12.  The directors of Company D are:

(i)             Individual D (who Individuals B and C know through their mutual involvement in the industry);

(ii)            An external accountant for Company D; and

(iii)           Individual C.

13.  The current shareholders of Company D (who each hold equal amounts of ordinary fully paid shares) are as follows:

(i)             Individual D as trustee;

(ii)            Trust B;

(iii)           Trust C;

(iv)           Trust F;

(v)            Trust E.

14.  Each of the individuals associated with the current shareholders of Company D know each other through their mutual involvement in the industry.

15.  Company D owns 100% of the shares in New Subsidiary Company.

The proposed transactions

Purchase of shares in Company B and Company C

16.  Company D will acquire 100% of the shareholding in:

(i)             Company B from Trust B; and

(ii)            Company C from Trust C,

under the terms of the Agreement for Sale of Shares (ASS).

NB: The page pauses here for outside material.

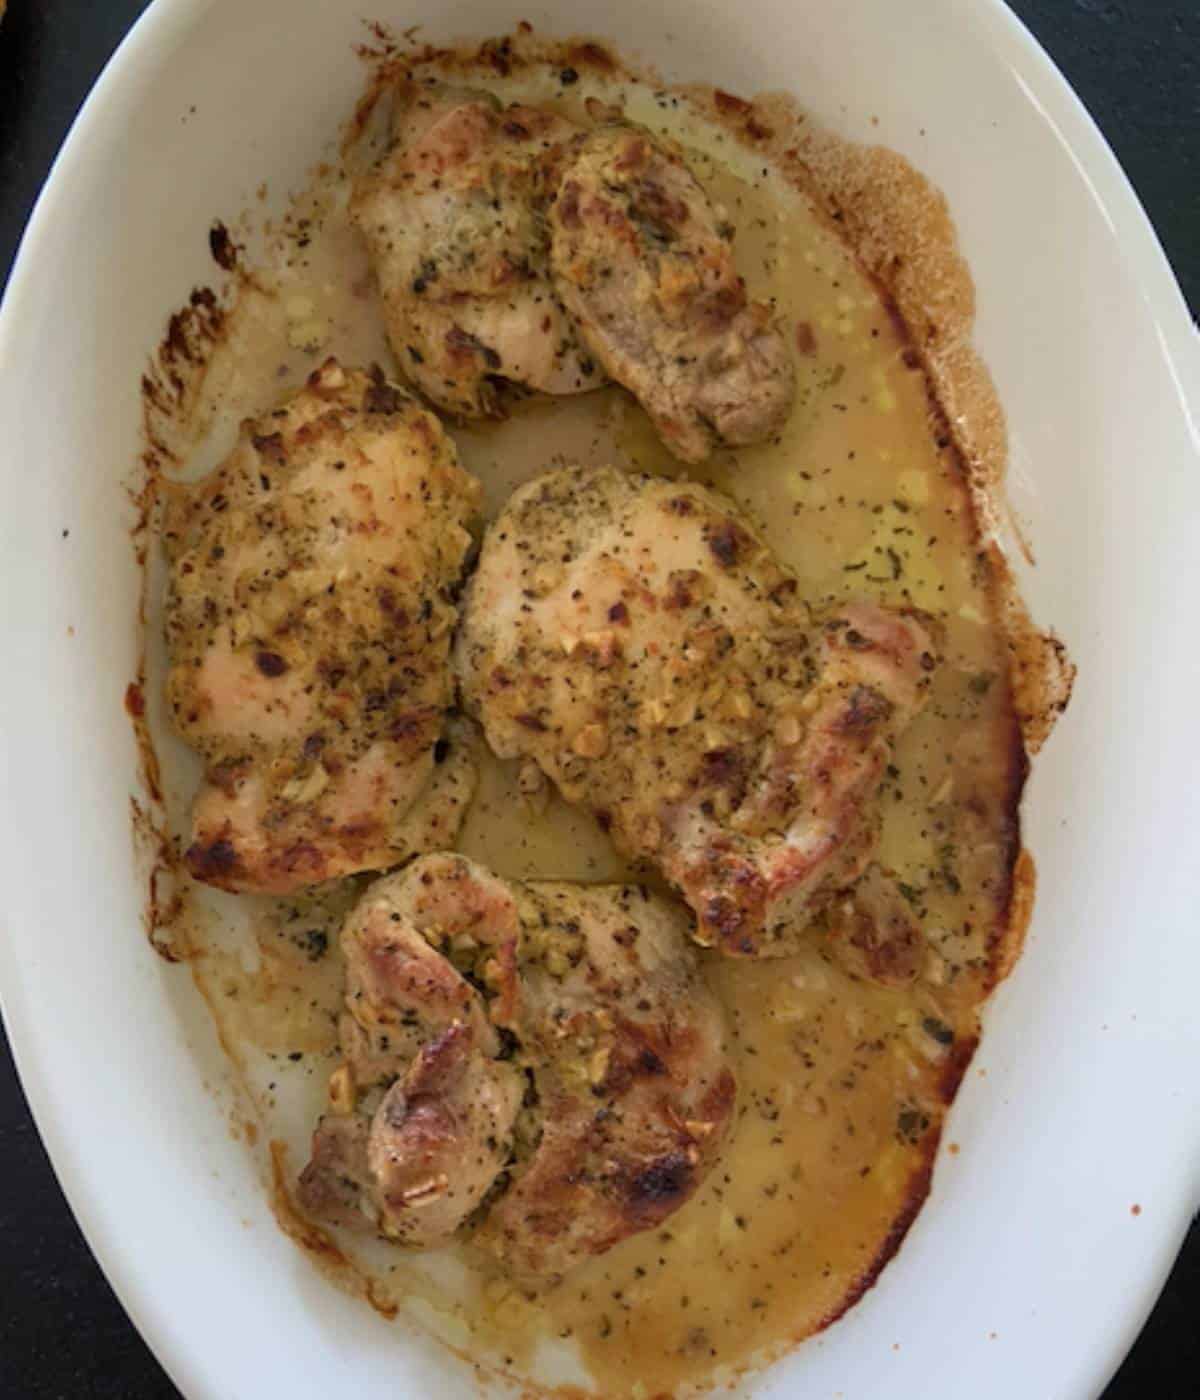 Chicken thighs just pulled out of the oven.

17.  The total price to be received by Trust B and Trust C under the ASS will be $X(as adjusted) and comprise cash and shares in Company D:

(i)             Trust B will receive 60% of the proceeds:

(ii)            Trust C will receive 40% of the proceeds.

18.  The following warranties will be provided under the ASS

(i)             Trust B will provide warranties in relation to Trust B, Company B and Company A; and

(ii)            Trust C will provide warranties in relation to Trust C, Company C and Company A.

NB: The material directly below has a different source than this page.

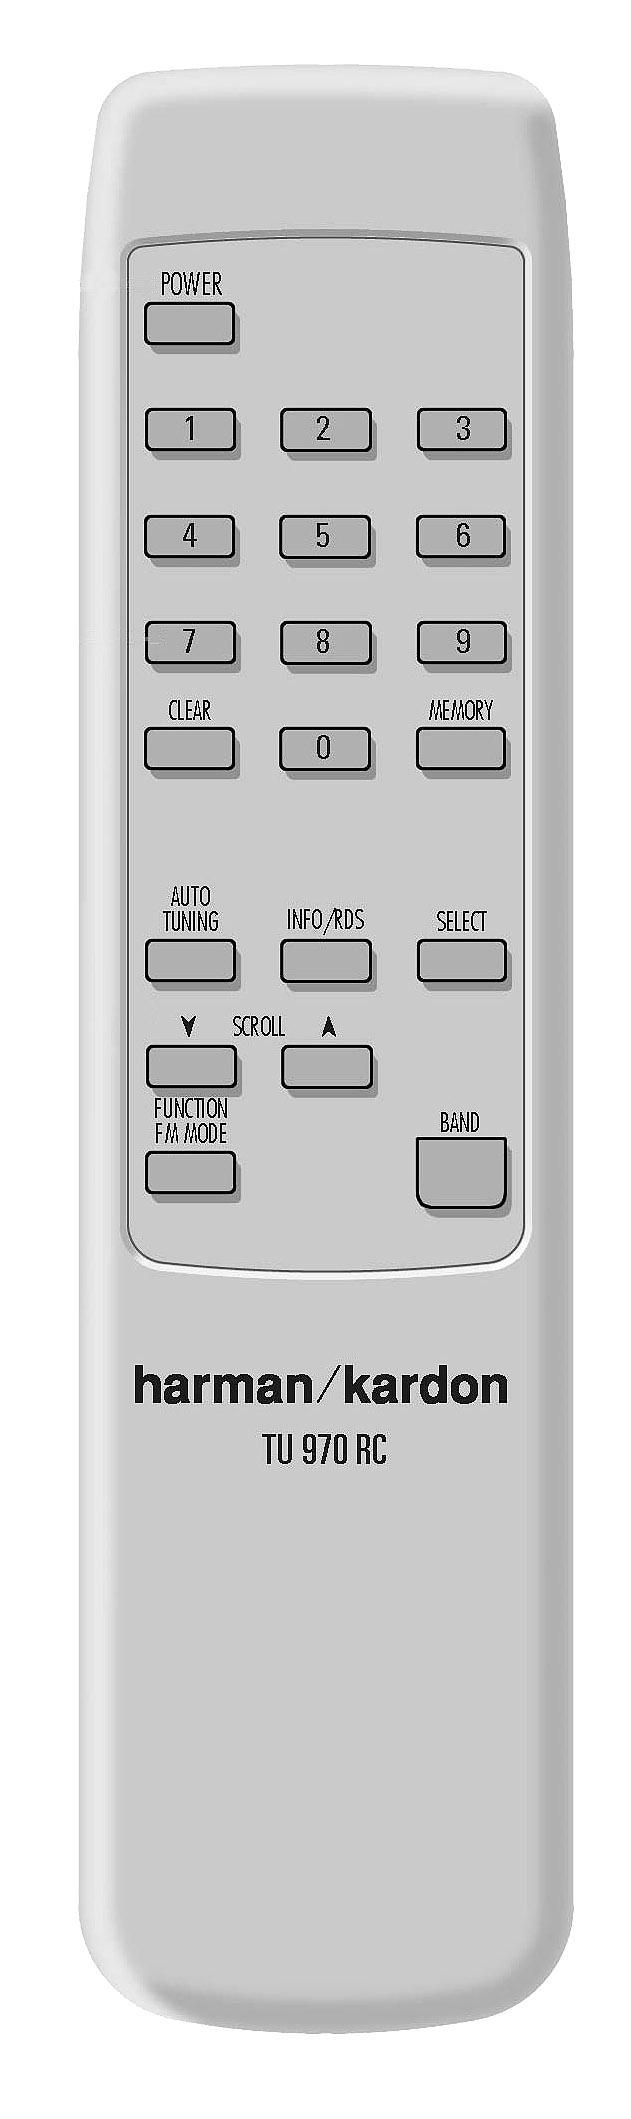 Remote Control Functions 0 Standby/Power On: Press this button to turn on the TU 970; press it again to turn the unit off (to Standby).

19.  Completion of the ASS is conditional upon the following agreements completing on the same date as the completion of the ASS:

Sale of the business of Business E under the Sale of Business Agreement

20.  New Subsidiary Company will acquire Business E (including the business assets) from Trust E and Company E. The purchase price will be cash and shares in Company D (Purchase Agreement).

Capital raising under the terms of the Subscription Deeds

21.  It is anticipated that the following additional capital will be raised by Company D under Subscription Deeds for the purposes of completing the acquisitions of Company B, Company C and Business E and to continue to develop Company D's businesses:

(i)             Trust associated with Individual D;

(ii)            Trust associated with Individual F;

(iii)           A private equity fund.

Shareholdings in Company D on completion

22.  Following completion of the ASS, Purchase Agreement and the Subscription Deeds (the Transaction Documents), the shareholding of Company D (all fully paid ordinary shares which carry one vote per share and equal rights to receive distributions of dividends and on winding up) will be as follows:

Name of Shareholder*

Related Principal

Respective proportion

Trust B

Individual B

Greater than 30%

Trust C

Individual C

Less than 30%

Trust associated with Individual D

Individual D

Less than 30%

Business E entities

Individual E

Less than 30%

Trust associated with Individual F

Individual F

Less than 30%

Private equity funds

Individual PE

Less than 30%

Employee share trustee

N/A

Less than 1%.

Totals

 

100%

*The Shareholders that are trusts are referred to in this Ruling as Shareholder trusts.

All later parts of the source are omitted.